Not at all, say others. They claim that people must be allowed to make up their own minds: Twitter has no right to decide that some information is “bad for them”. And they point out that, unlike newspapers, social media giants have monopoly power: if people are unhappy with what one newspaper publishes they can start reading another, whereas there are no alternative social media sites that have any clout.
- Is it right for some people to decide what others are allowed to know?
- What conditions would have to exist to allow completely free speech?
- Design the front page of your own newspaper. Give it a name, then decide where your images and text should go.

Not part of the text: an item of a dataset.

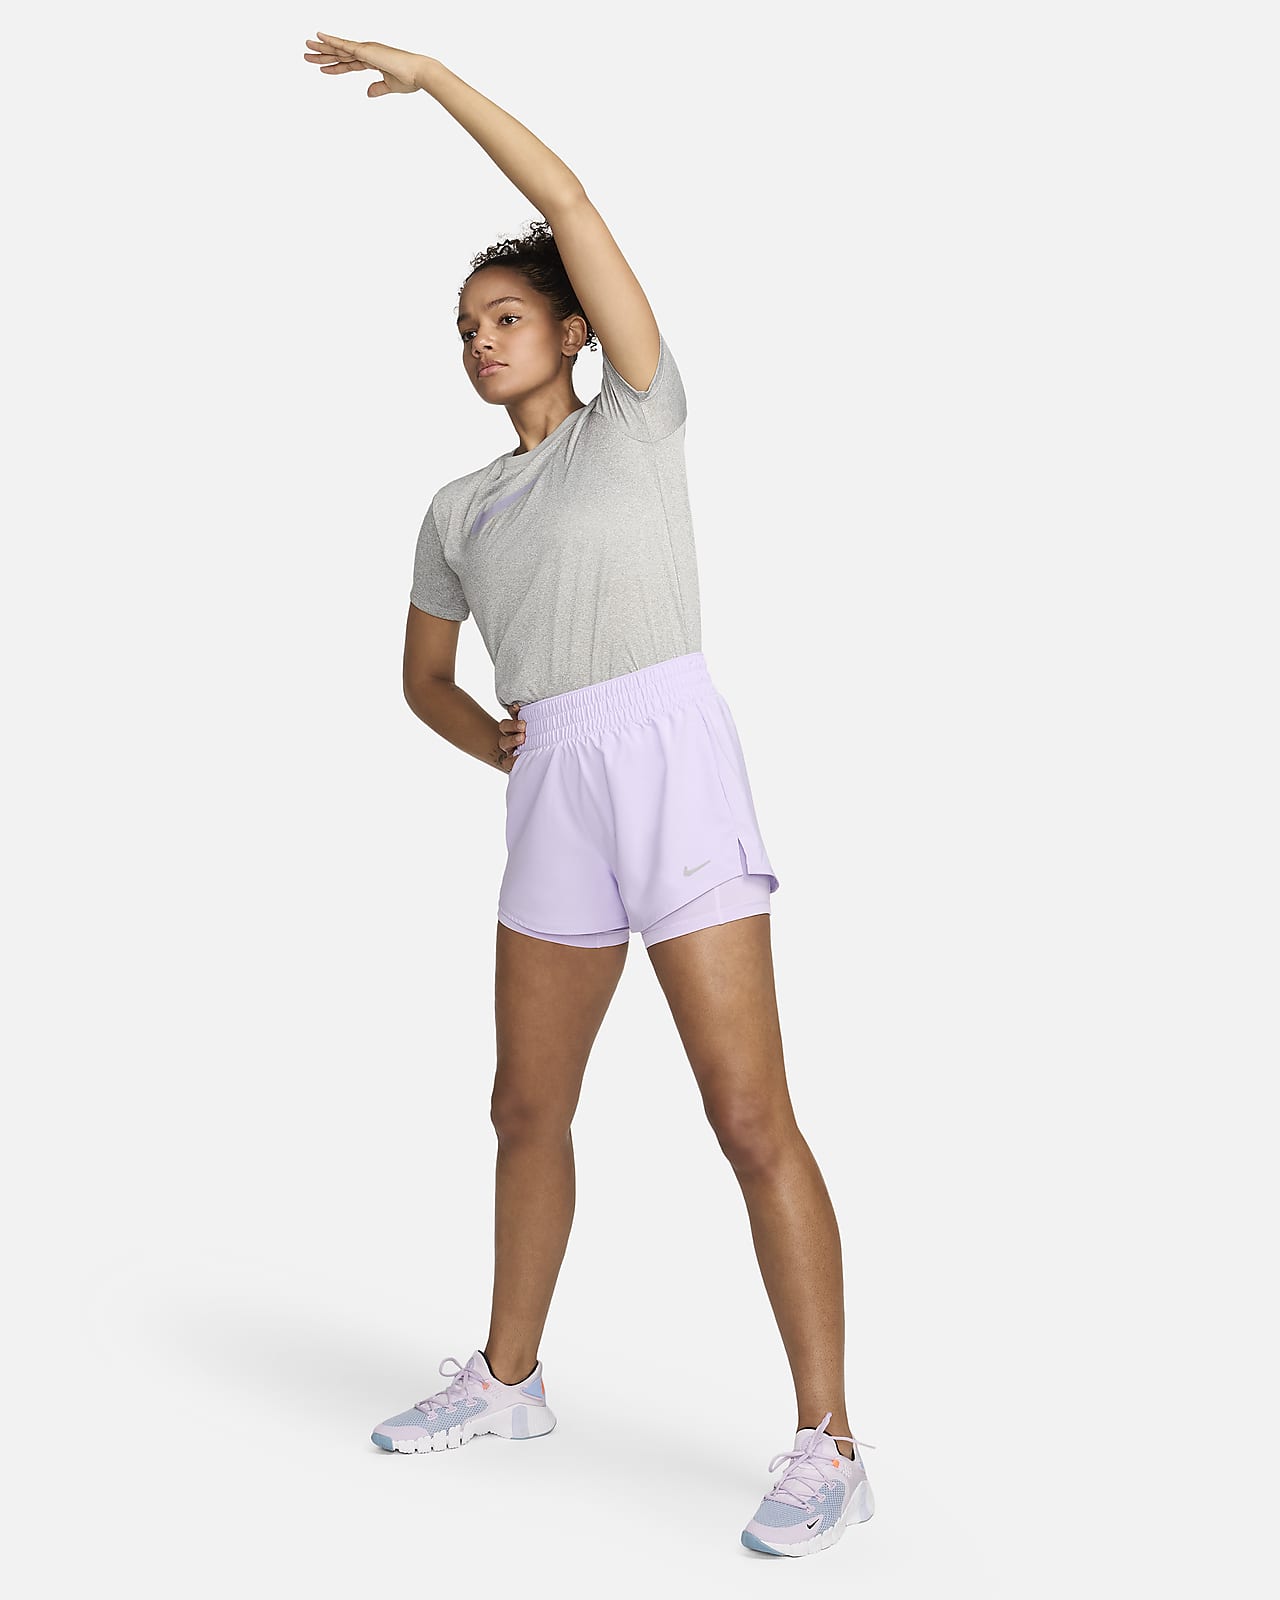 Women's Nike One Dri-FIT High-Waisted 2-in-1 Shorts
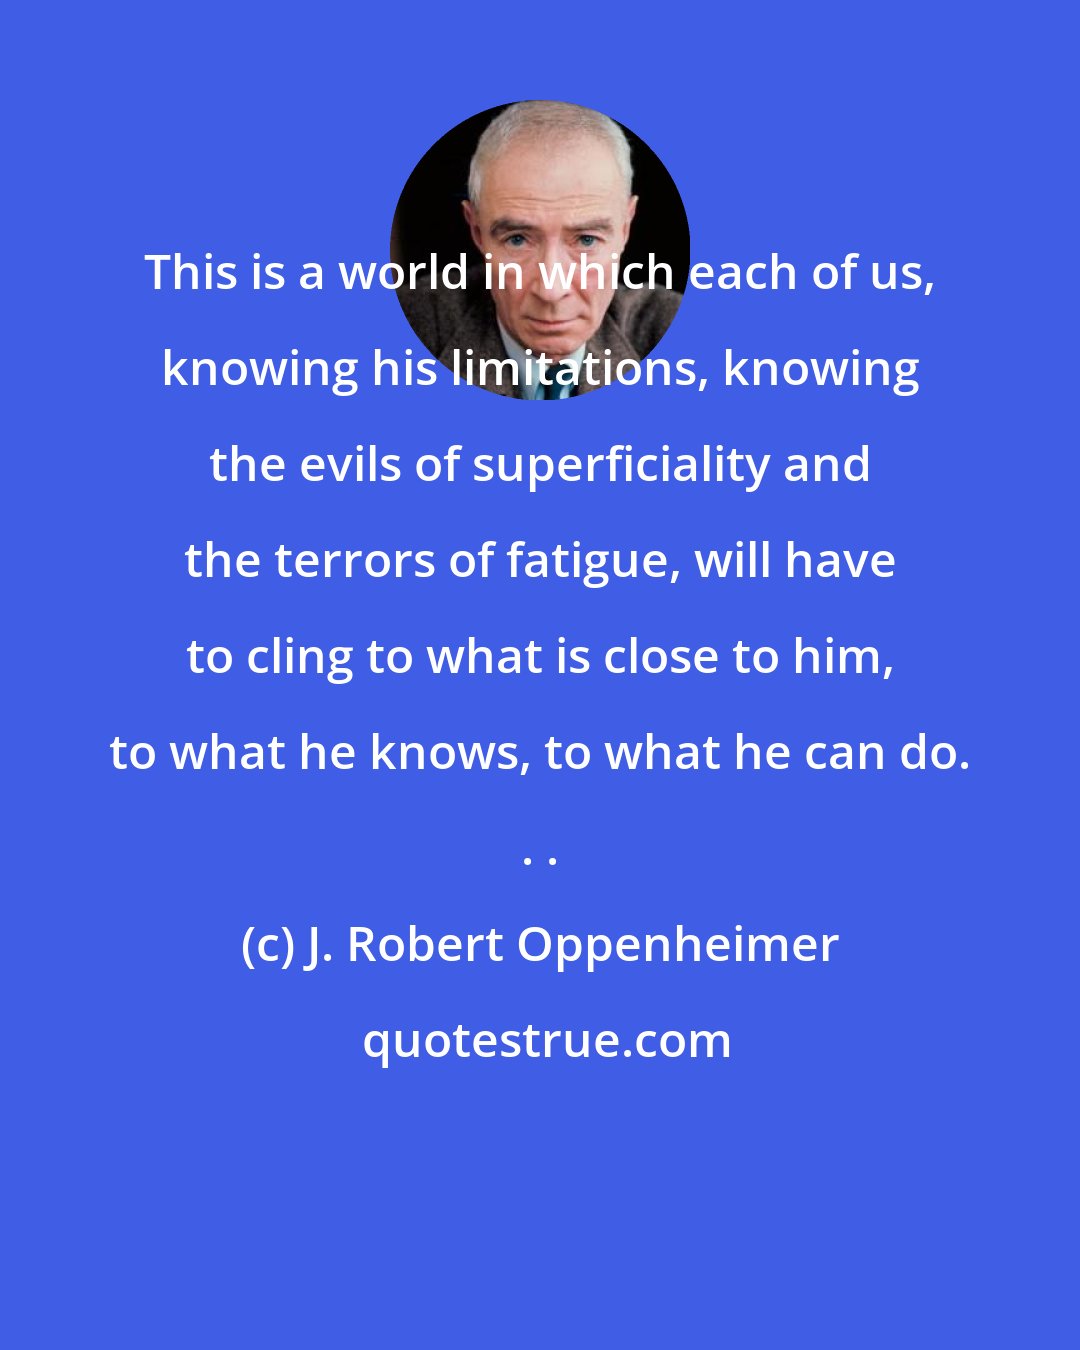 J. Robert Oppenheimer: This is a world in which each of us, knowing his limitations, knowing the evils of superficiality and the terrors of fatigue, will have to cling to what is close to him, to what he knows, to what he can do. . .

- How should Facebook and Twitter determine what content is suppressed and what is allowed to stay up? Draw up your own brief set of guidelines for moderating Facebook posts or tweets.
Some People Say...
“Lock up your libraries if you like; but there is no gate, no lock, no bolt that you can set upon the freedom of my mind.”Virginia Woolf, (1882–1941), English author
What do you think?
Q & A
- What do we know?
- Most people agree that censorship, whether private or public, tends to crush artistic and individual creativity. In his famous essay On Liberty, the English philosopher John Stuart Mill argued that when speech and expression are restricted, the mind also becomes less free and original. He claimed that suppressing ideas, even mostly false ones, always kills truth.
- What do we not know?
- There is some debate over how free speech is actually to be practised. Even Mill recognised that people must be prevented from saying things that would substantially harm the public. Some have claimed that libel cases are often an attack on free speech, but others insist that there must be accountability for the things that people say – even if they are not prevented from saying them. Some suggest that free speech is impossible because every society always elevates some opinions over others.
- New York Post
- One of the USA’s oldest newspapers, it was created in 1801 by Founding Father Alexander Hamilton. For most of the twentieth century it was a centre-left outlet, but after it was purchased by Rupert Murdoch in 1976, it turned into a conservative tabloid.
- Ukraine is an eastern European country that borders Russia. The country was part of the Soviet Union until it became independent in 1991. In recent years it has come into conflict with Russia, which seized parts of its territory in 2014.
- The use of political power for individual gain. It is regarded as a breach of trust between the people and their representatives, and widespread corruption usually undermines the legitimacy of a state.
- Republican Party
- Also known as the Grand Old Party or GOP, it is one of the USA’s two major political parties. Its first president was Abraham Lincoln. It sits on the right of the political spectrum.
- Pentagon Papers
- A dossier published in the New York Times by Daniel Ellsberg in 1971 that proved that the US state had lied to the public and to Congress about its involvement in the Vietnam War.
- Investment banks
- Banks that offer financial advice and support to large companies. They have been criticised for engaging in reckless behaviour that causes economic damage: several were implicated in the financial crisis of 2008.
- Rupert Murdoch
- An Australian businessman who has amassed a vast media empire since the 1970s. He has been accused of using the media outlets he controls to further his own business interests.